Vous l’aurez compris, faute de ressources propres, le plan de relance aggravera la dette des États membres, y compris celle de la France. L’austérité budgétaire serait donc l’horizon imposé aux peuples européens ! Grandes entreprises du numérique, transactions financières, assiette commune d’impôt sur les sociétés : les citoyens contribuables attendent de vous que vous fassiez participer au budget européen ceux qui profitent de l’Europe et des crises sans prendre part à l’effort collectif.
Applaudissements sur les travées du groupe GEST.
Monsieur le président, madame la secrétaire d’État, mes chers collègues, la réforme du budget européen est une impérieuse nécessité. Tel est le cri des parlementaires européens, qui s’inquiètent de l’avenir des finances de l’Union, et pour cause : le cadre financier pluriannuel proposé par la Commission européenne en juin 2023 est au point mort, supplanté par les discussions autour du conflit au Proche-Orient.
Sans entrer dans les détails, disons que la Commission européenne propose d’amender à la marge le cadre financier en cours pour renforcer les aides à l’Ukraine, mettre en place une plateforme de technologies stratégiques pour l’Europe et apporter 18 milliards d’euros de ressources supplémentaires afin de faire face aux migrations et de financer les traitements des fonctionnaires européens indexés.

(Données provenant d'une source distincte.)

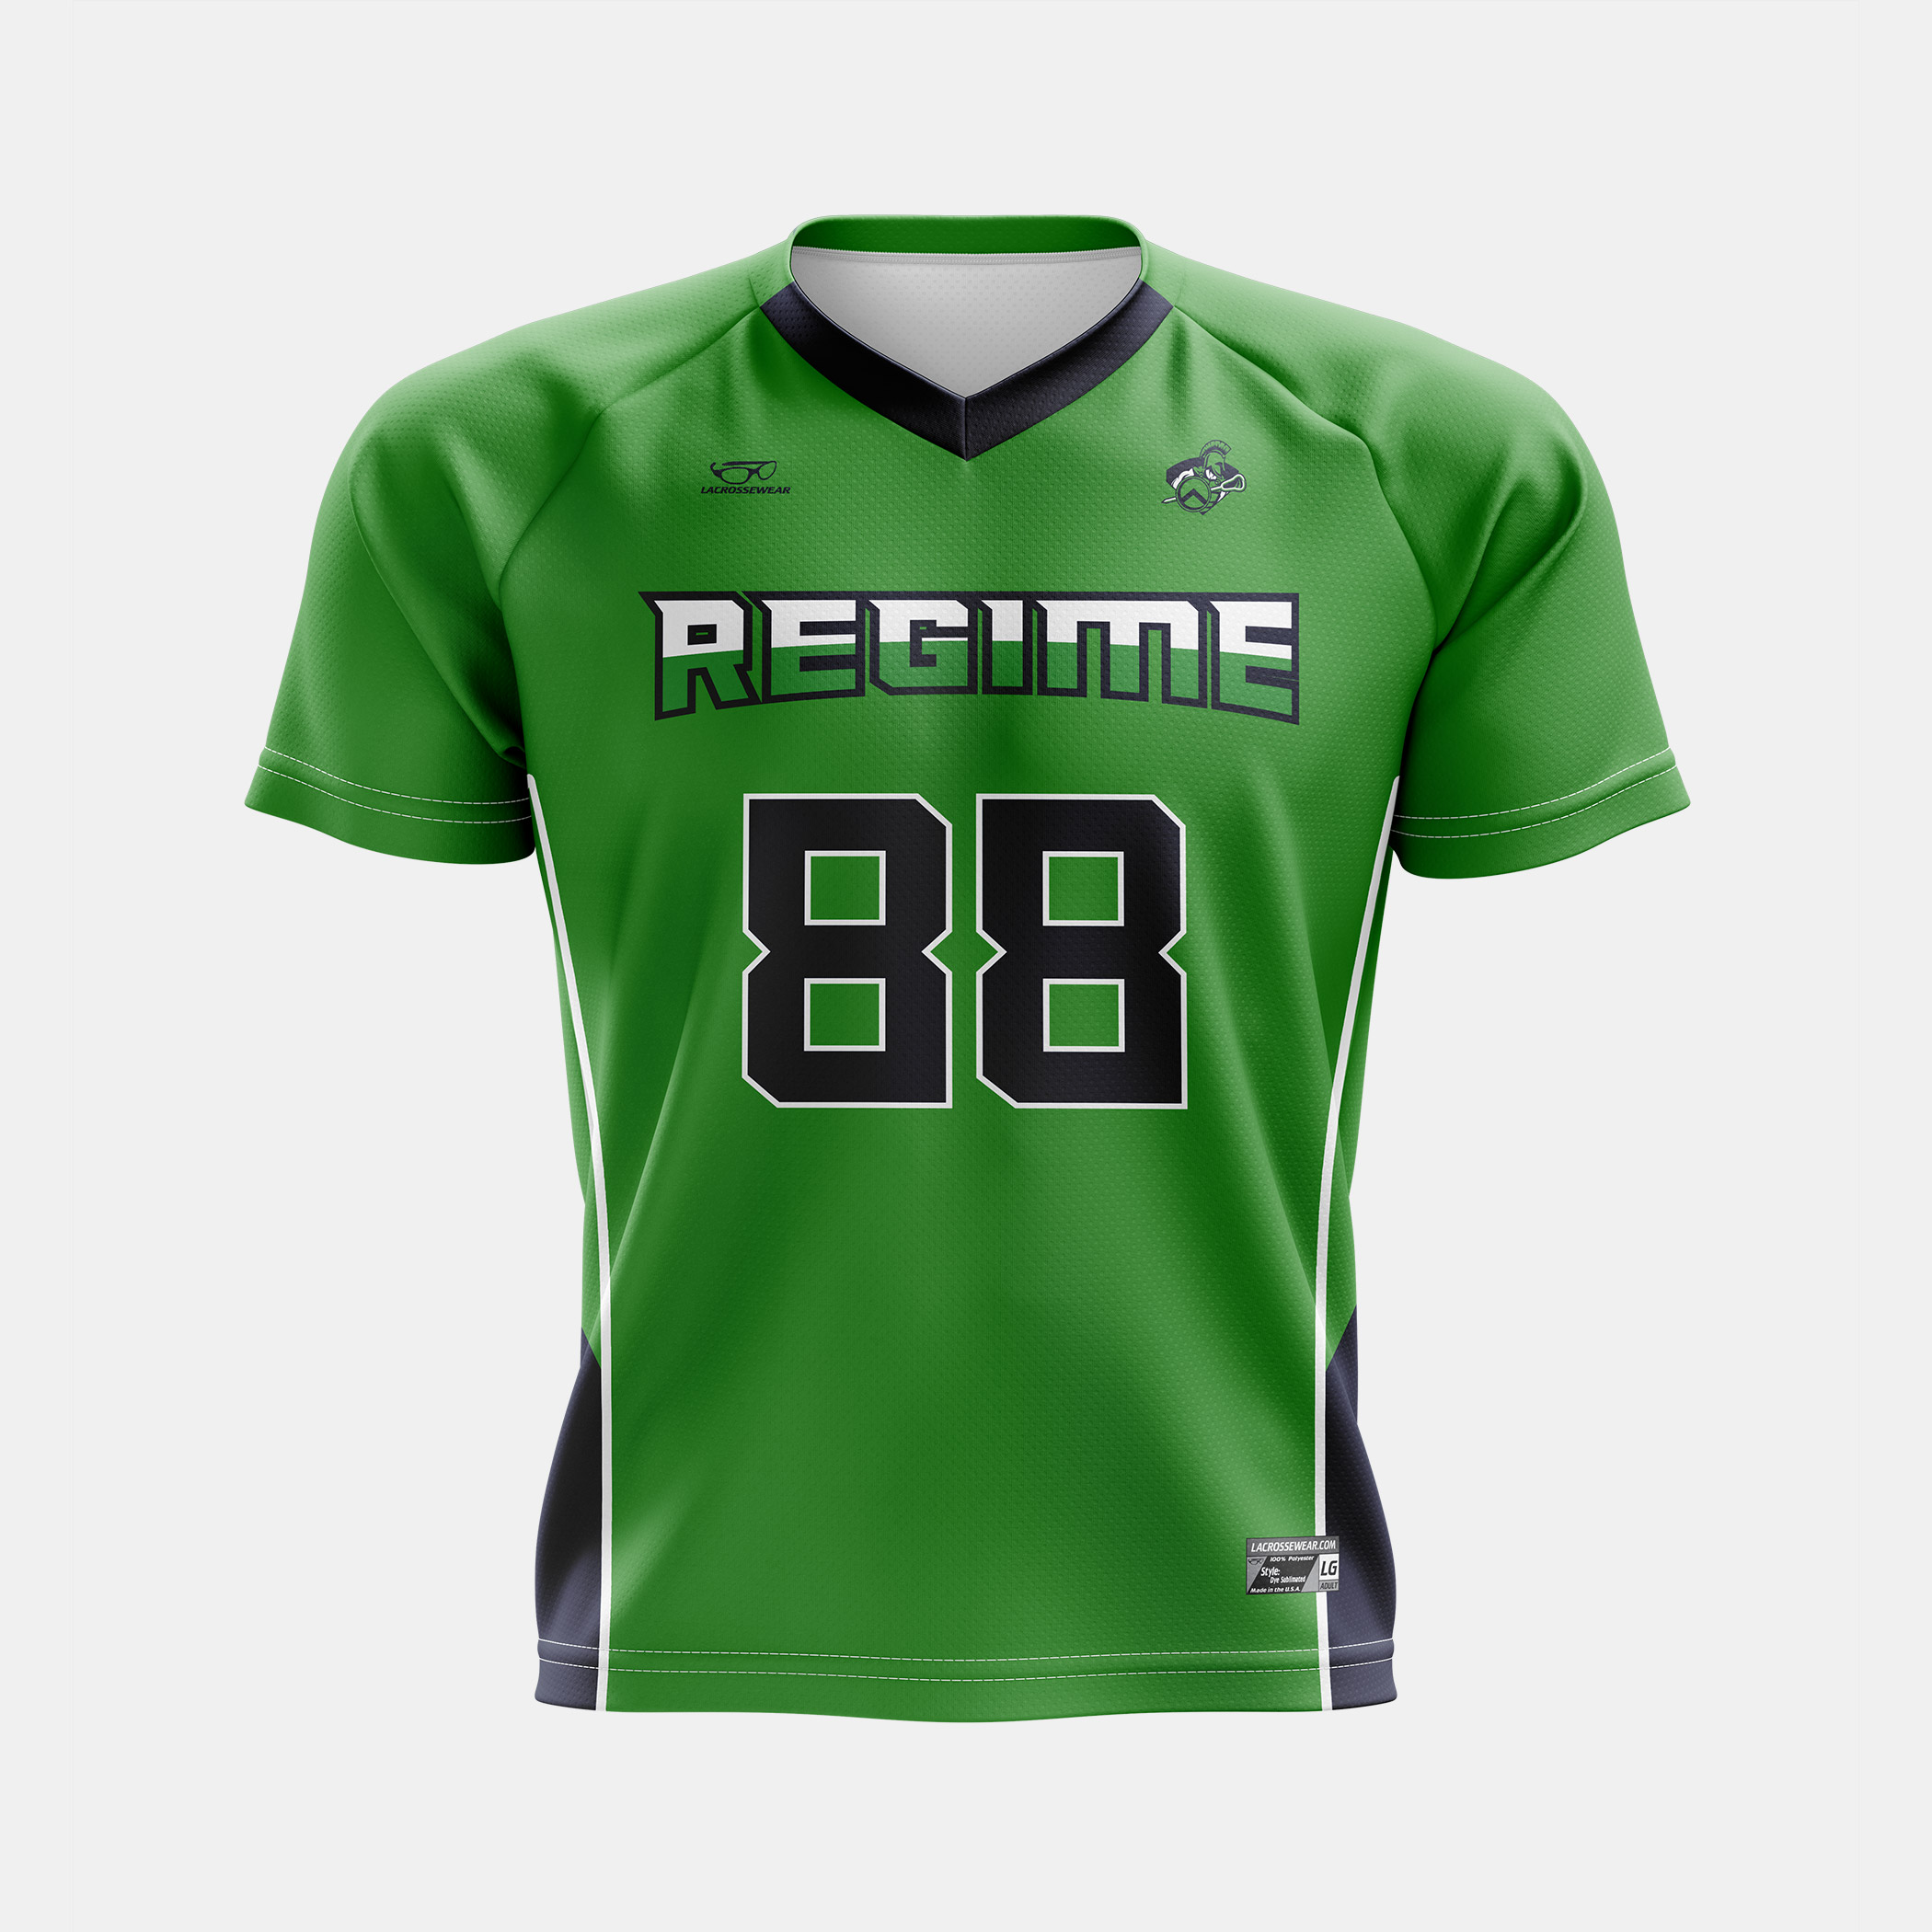 Regime Green Jersey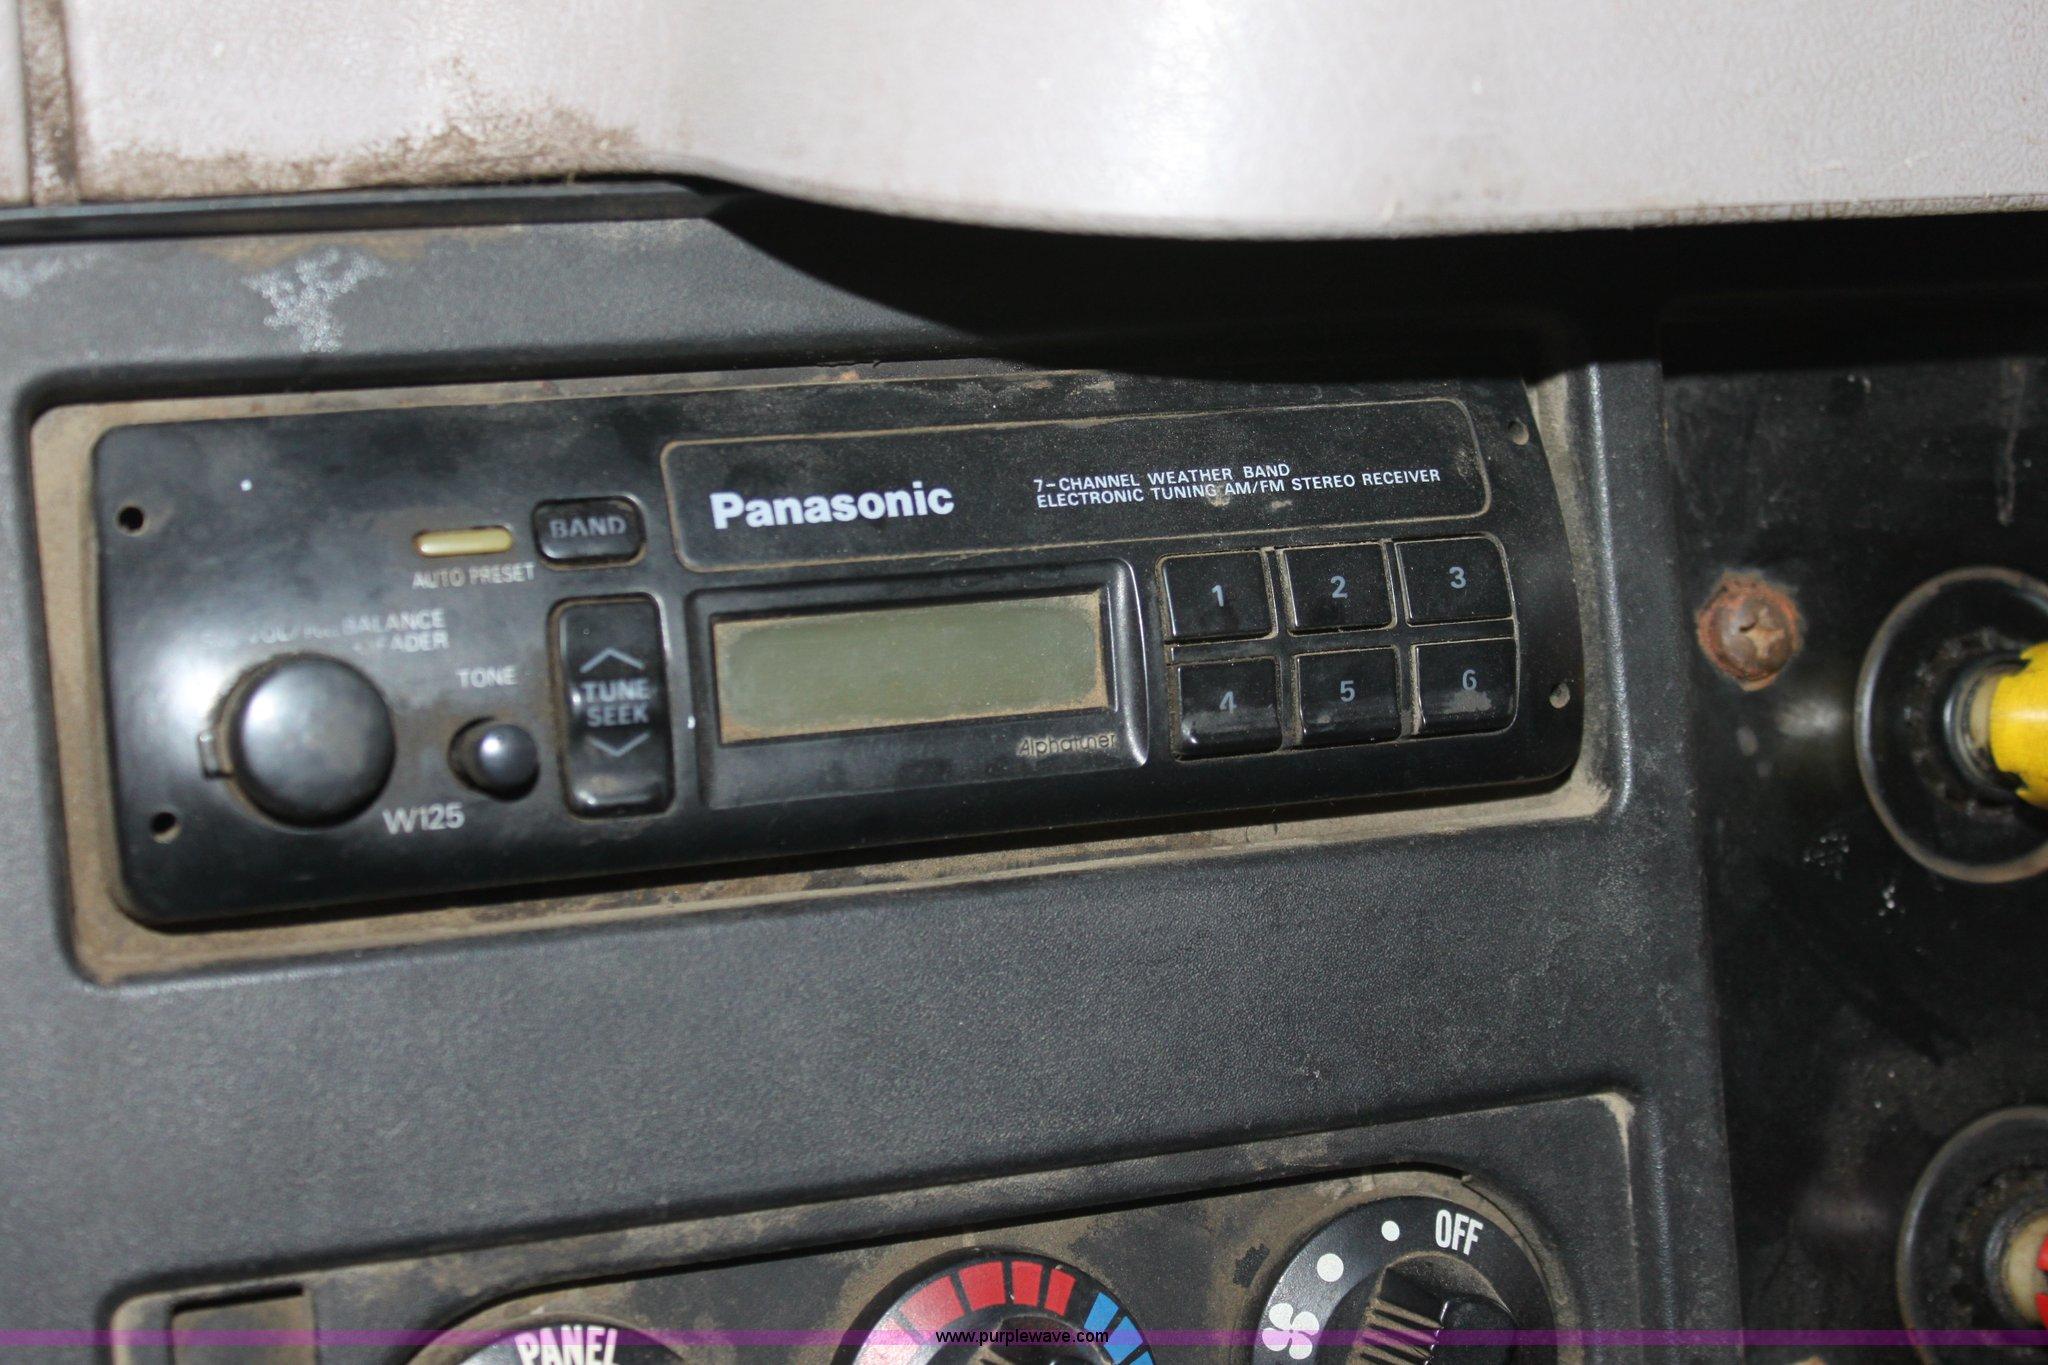 1997 International 4900 Tandem Axle Dump Truck Item A7172 Car Radio Wiring Panasonic W125 Full Size In New Window

Pourtant, même avec ces moyens supplémentaires, la contribution de la France au budget de l’Union européenne diminuerait de 3, 38 milliards d’euros par rapport à la loi de finances pour 2023. C’est, mes chers collègues, ce que l’on appelle dans le jargon budgétaire une baisse conjoncturelle. J’y vois pour ma part une baisse en trompe-l’œil, qui saura se rappeler à nous en temps voulu.
C’est un trompe-l’œil, d’abord, parce que cette baisse correspond aux retards importants dans la mise en œuvre de la politique de cohésion. Ces retards de déploiement se traduisent par une baisse des paiements de 37 milliards d’euros du Fonds européen de développement régional (Feder), du Fonds de cohésion, du Fonds social européen (FSE) et par une baisse de 3 milliards d’euros du Fonds européen agricole pour le développement rural (Feader). Les documents annexés sont clairs, il y aura un rattrapage ! Le sentiment anti-européen fustigeant les institutions est nourri par ces reculs, par ces tergiversations et par l’impression que la solidarité européenne est au point mort.
C’est un trompe-l’œil, ensuite, parce que les ressources budgétaires consacrées au remboursement de l’emprunt du volet subvention du plan Next Generation EU, pour la bagatelle de 390 milliards d’euros, avaient été financées sur la base d’hypothèses de taux d’intérêt aujourd’hui dépassées. En quelque sorte, la question du financement était mise sous le tapis et l’endettement apparaît comme une sorte de fuite en avant. Les taux ne s’étalent plus de 0, 55 % en 2021 à 1, 15 % en 2027 : ils sont déjà supérieurs à 3 % ! Et que dire des financements indispensables au Fonds social pour le climat, qui permettrait une transition écologique socialement juste, alors qu’un nouveau marché carbone heurtera de plein fouet les ménages, avec une forte hausse des coûts des transports et du chauffage dans les bâtiments ? Sans contrepartie sociale, la transition écologique sera vaine.
D’ailleurs, les choses pourraient se compliquer dans cinq ans. Un chercheur estime que, en l’état des émissions, « en 2032, la Commission devrait engager des procédures d’infraction contre près de vingt États membres » pour se conformer aux objectifs du Pacte vert. C’est un véritable séisme social qui s’annonce, et non pas de simples secousses.
En vérité, c’est au moment du débat, le 4 février 2021, sur l’approbation de la décision du Conseil portant sur les ressources propres, que vous avez votée, mes chers collègues, que se posait l’avenir financier de l’Union. Une contribution sur le plastique pour solde de tout compte et ce furent 1, 5 milliard d’euros de moins à verser ; pour le reste, seulement des promesses de travail, si bien qu’en juin 2023 la Commission européenne rendait une nouvelle copie avec des solutions à la marge…
Il faut que la France revienne sur la règle de l’unanimité. C’est impératif pour ne pas voir le projet européen mourir et pour empêcher les blocages systématiques.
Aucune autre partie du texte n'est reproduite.